Raw data Block Start

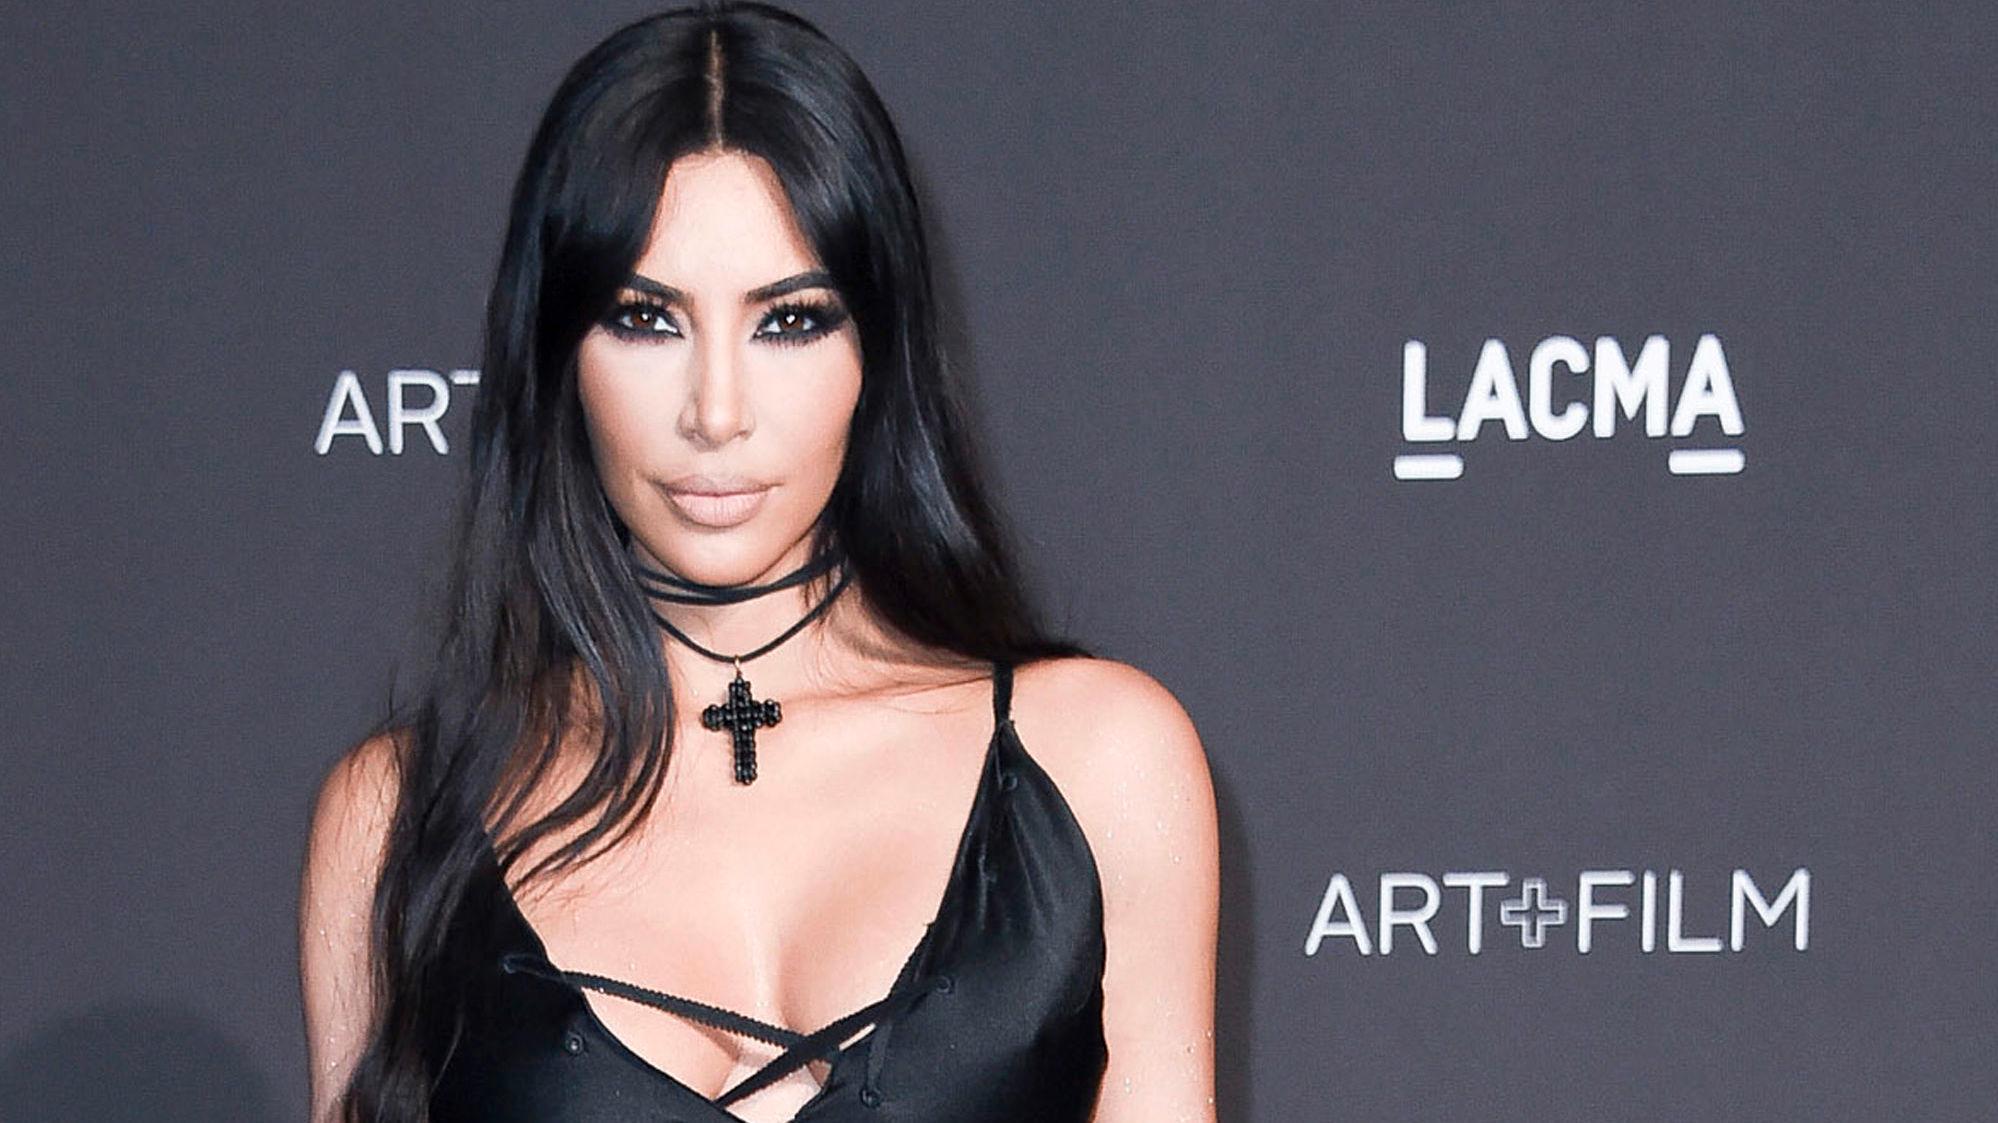 TAR TIL SEG KRITIKKEN: Kim Kardashian West skal skifte navn på undertøysmerket etter kritikk. Foto: AP
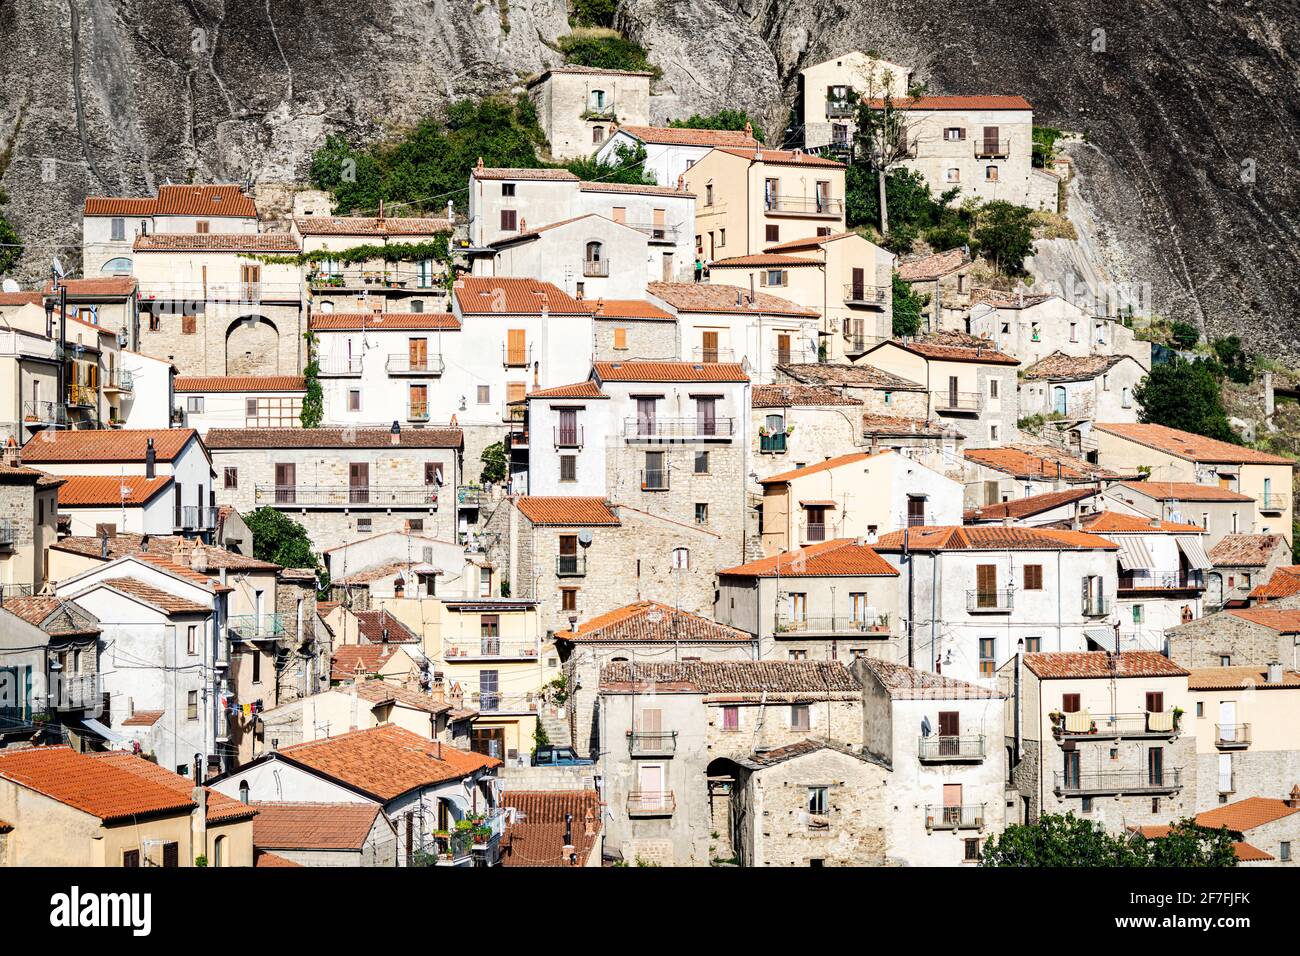 Maisons en pierre dans la ville médiévale de Castelmezzano, Dolomiti Lucane, province de Potenza, Basilicate, Italie, Europe Banque D'Images
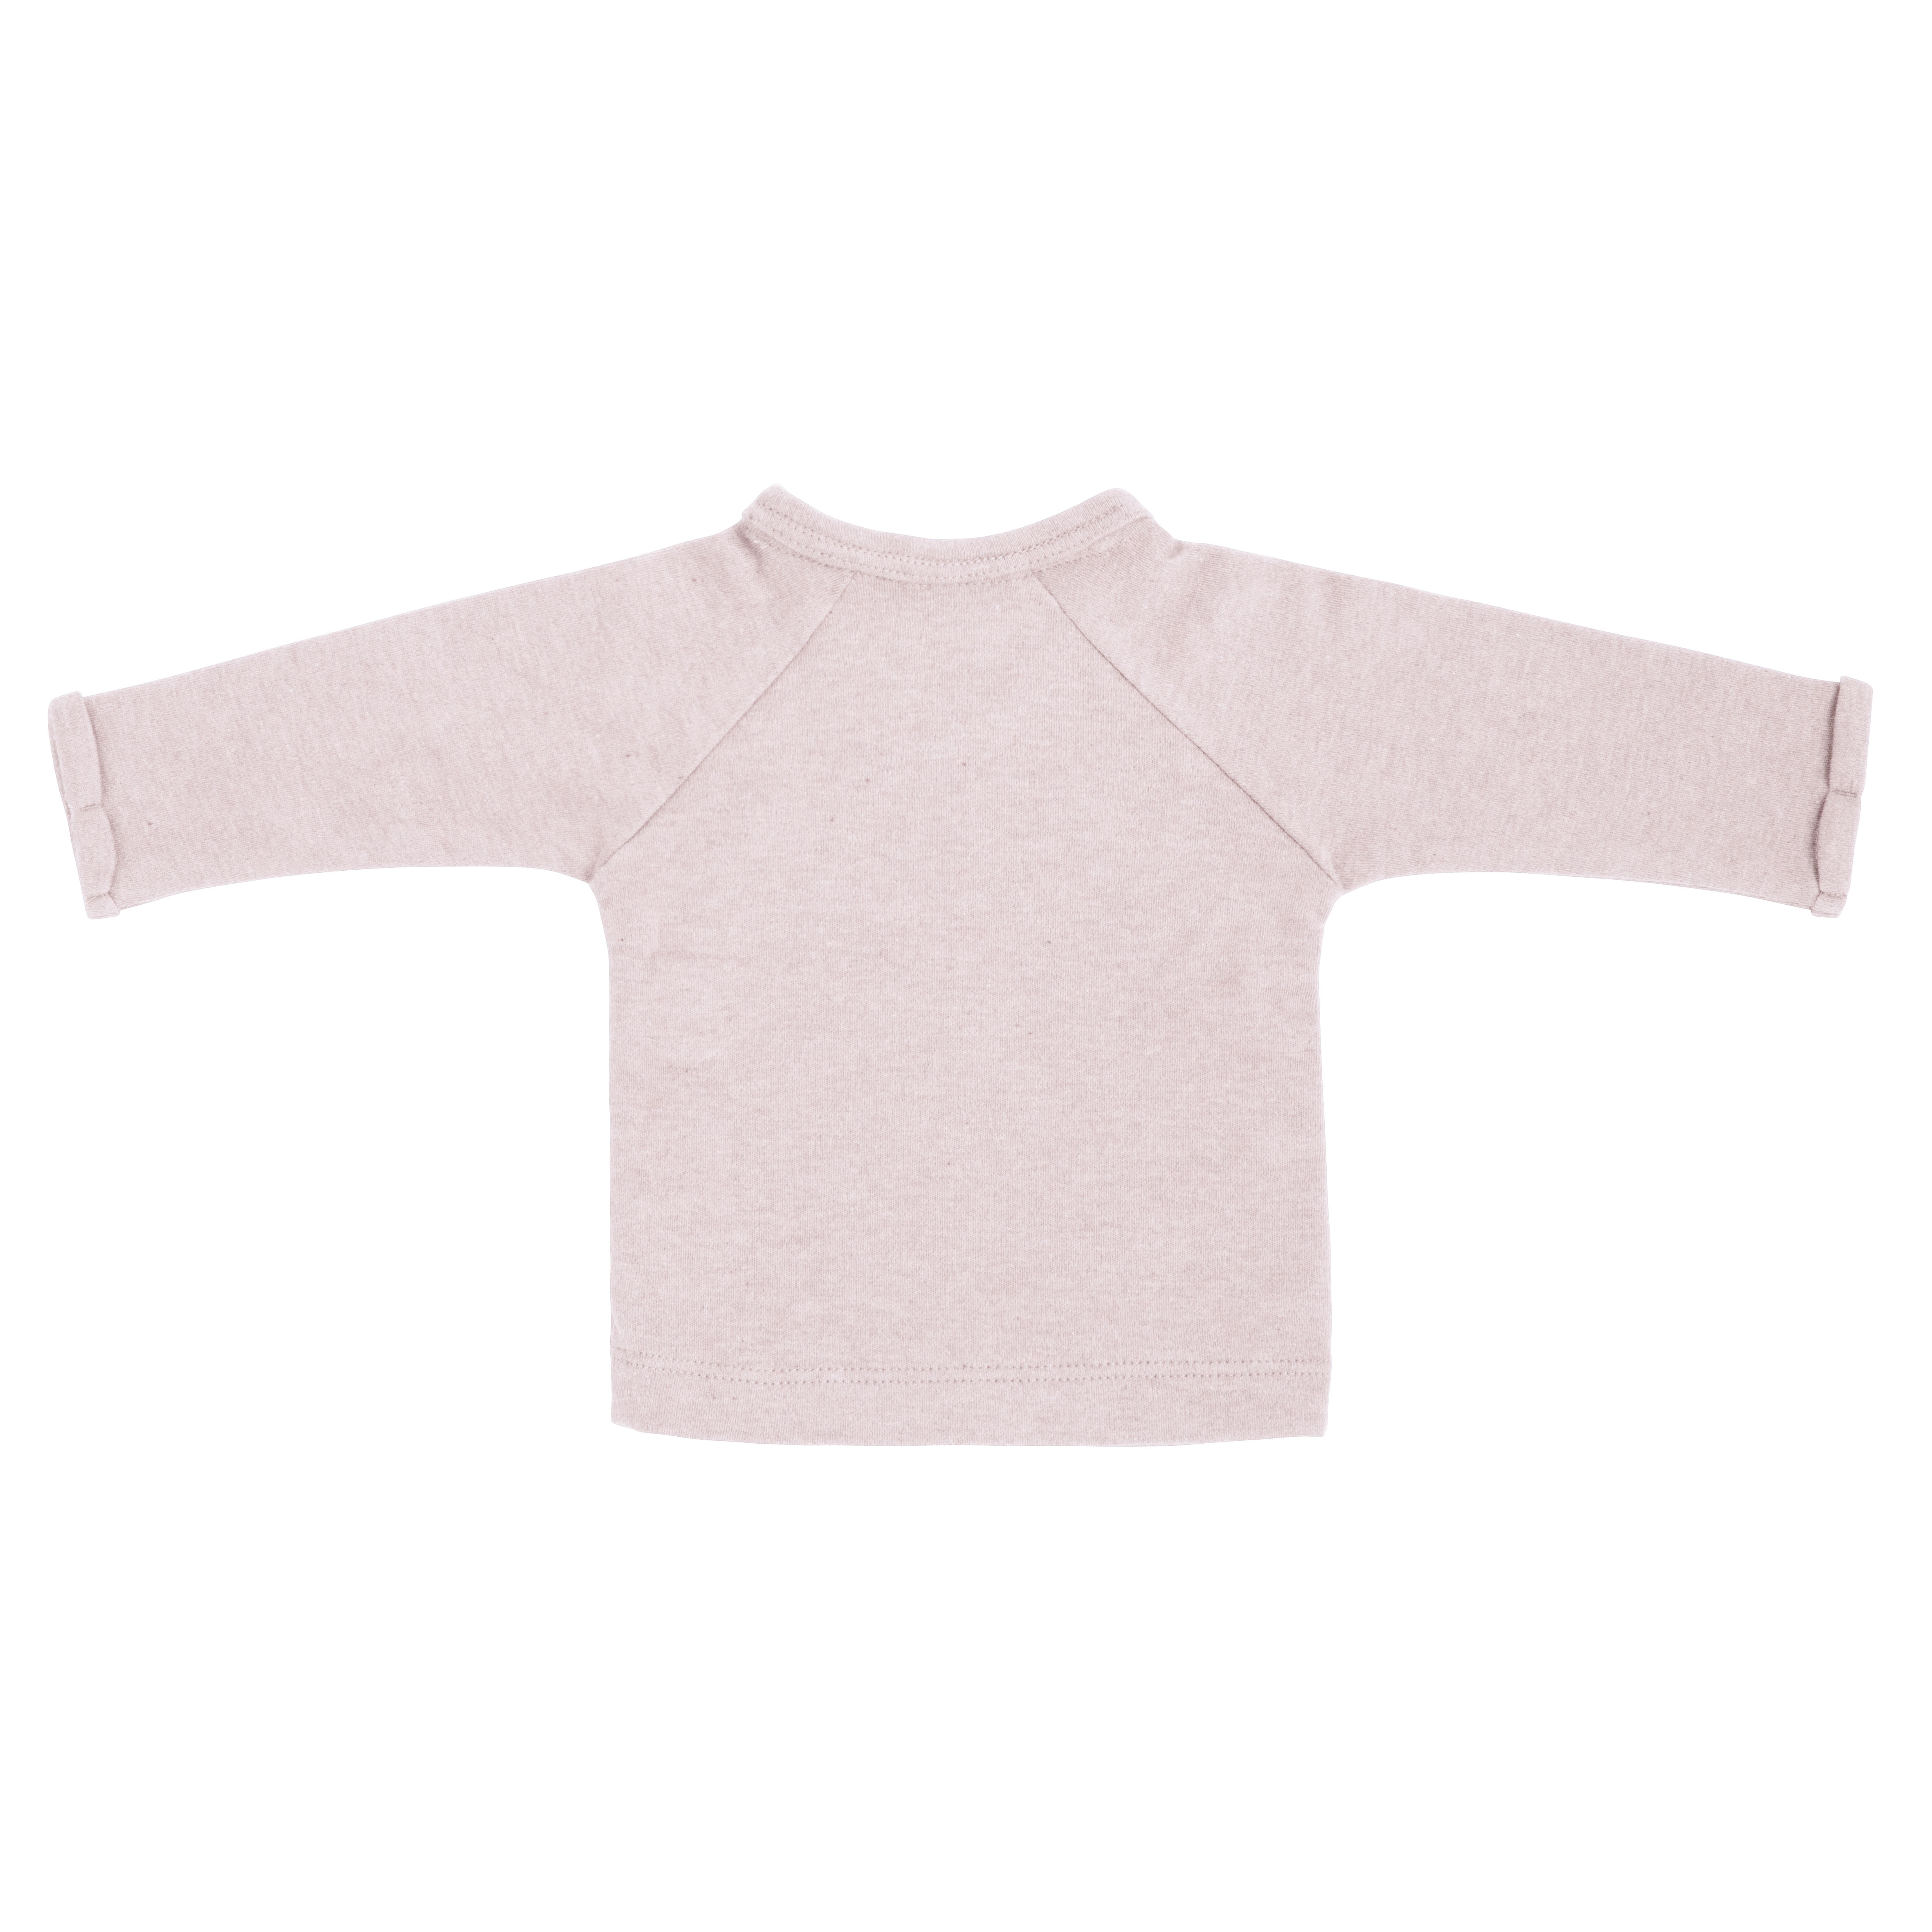 Pullover bébé cache-coeur Melange rose très clair - 44

Raw data Block End

## What is required
Please repeat, exactly as written, only the lines from the line with "Maisons en pierre" to the end of the data, leaving out every picture.

## Answer section
 Maisons en pierre dans la ville médiévale de Castelmezzano, Dolomiti Lucane, province de Potenza, Basilicate, Italie, Europe Banque D'Images
 Pullover bébé cache-coeur Melange rose très clair - 44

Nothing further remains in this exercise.